【健のアルバム】
こうして、誕生日に『伴侶』をプレゼントされた俺が次にしたこと。
市役所からそのまま、ショッピングモールで結婚指輪を注文した。
イニシャルを彫ってもらうため、出来上がりはまだ先だが、菫が大学へ戻るまでには手元に届くはずだ。
さらに、校長先生へ報告。
正直、これが一番心配だったのだが、何しろ『REX』の話を頂いた時、こう言われていたので少しは気が楽だった。

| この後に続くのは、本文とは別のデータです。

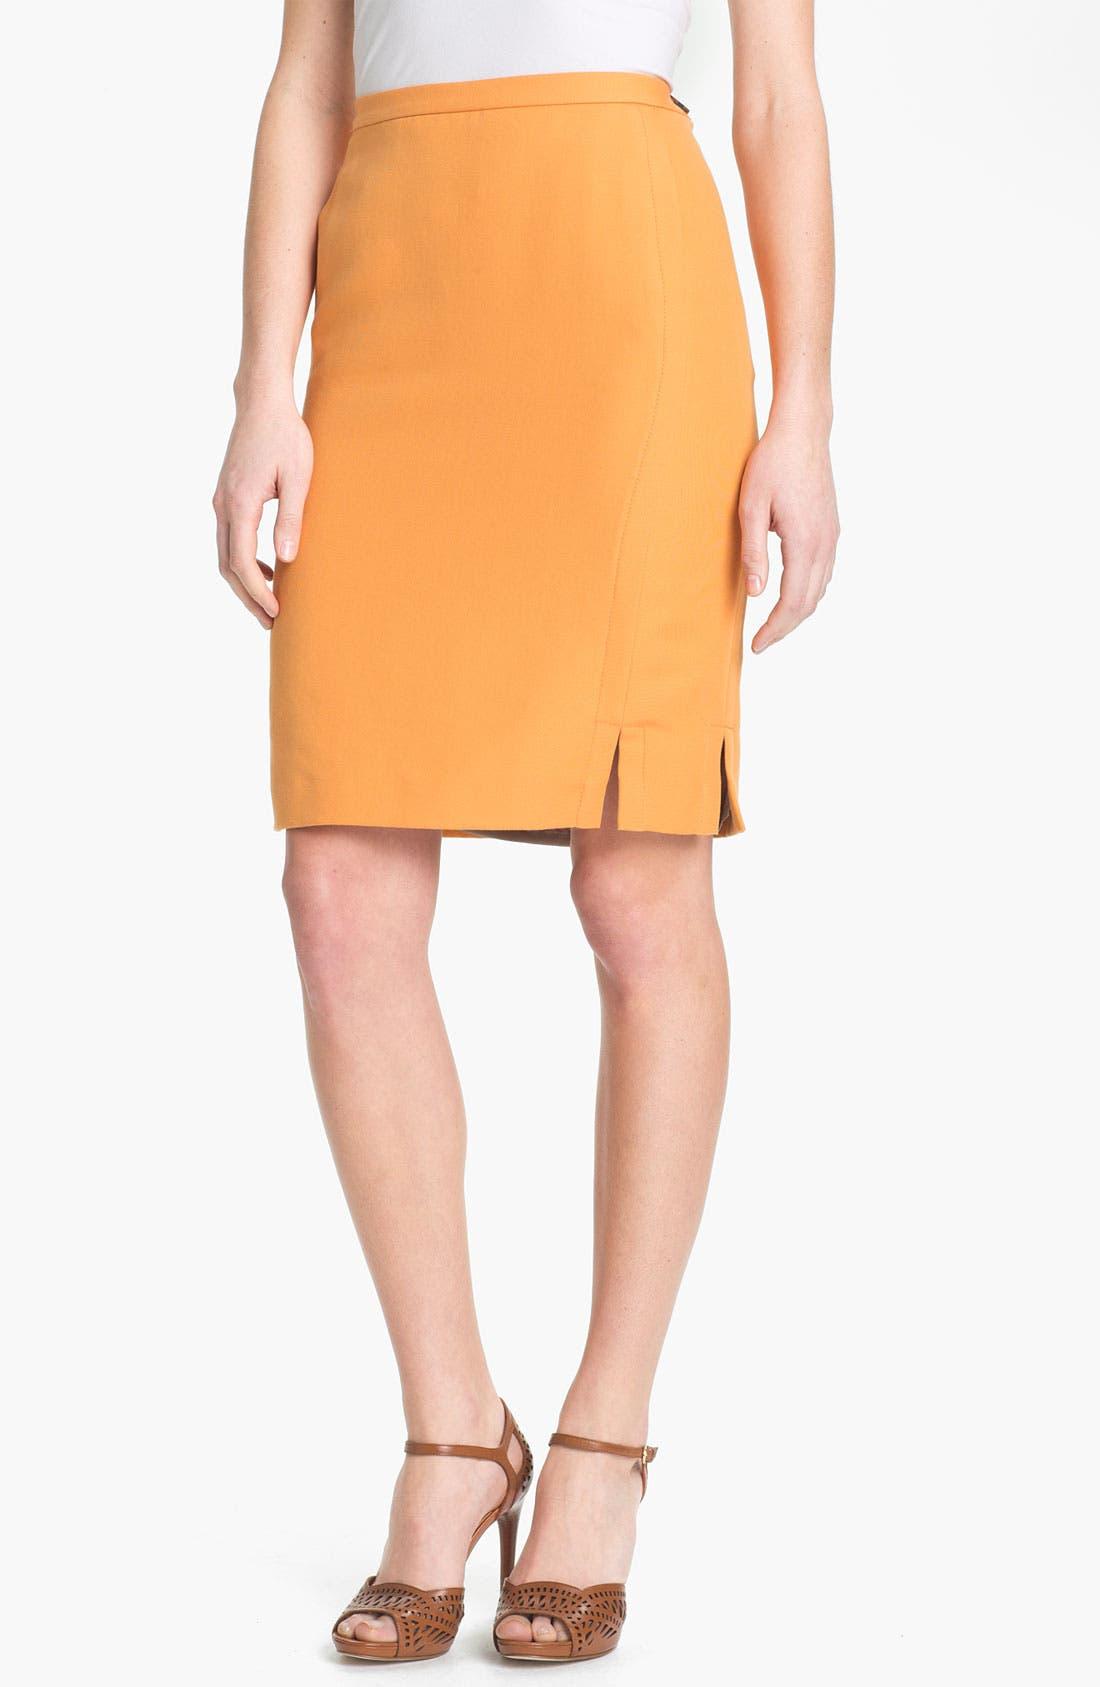 Alternate Image 1 Selected - Lafayette 148 New York 'Sofia - Retro Cloth' Skirt

『松本先生には彼女がいる、と生徒が噂しているようですね。
いっそのこと、その彼女と9月までに結婚してくれると、こちらも後押ししやすくなるんですけれどね』
校長先生のご希望通り結婚しましたと電話すると、大いに祝福された。
そしてもちろん聞かれたのは、相手の事。
菫の名前を出すと、本気で驚いていた。当然だよな。
それでもさすが管理職、冷静に今までの俺の行動を褒めてくれた。
全く気付かなかった、と。
卒業してから付き合い始めたこと、京都で一緒に過ごしたことを話すと、納得していた。
『少しの間、生徒は騒ぐかも知れませんが、REXの派遣が決まったら、2年は現場を離れますから。
戻ってきたころには、きっと普通の夫婦として受け入れられていますよ』
そう励まされた。そしてさらに。
『いやあ、羨ましいですな~。
新婚生活を海外で過ごすなんて』
と、冷やかされた。
お茶目な校長先生で良かった。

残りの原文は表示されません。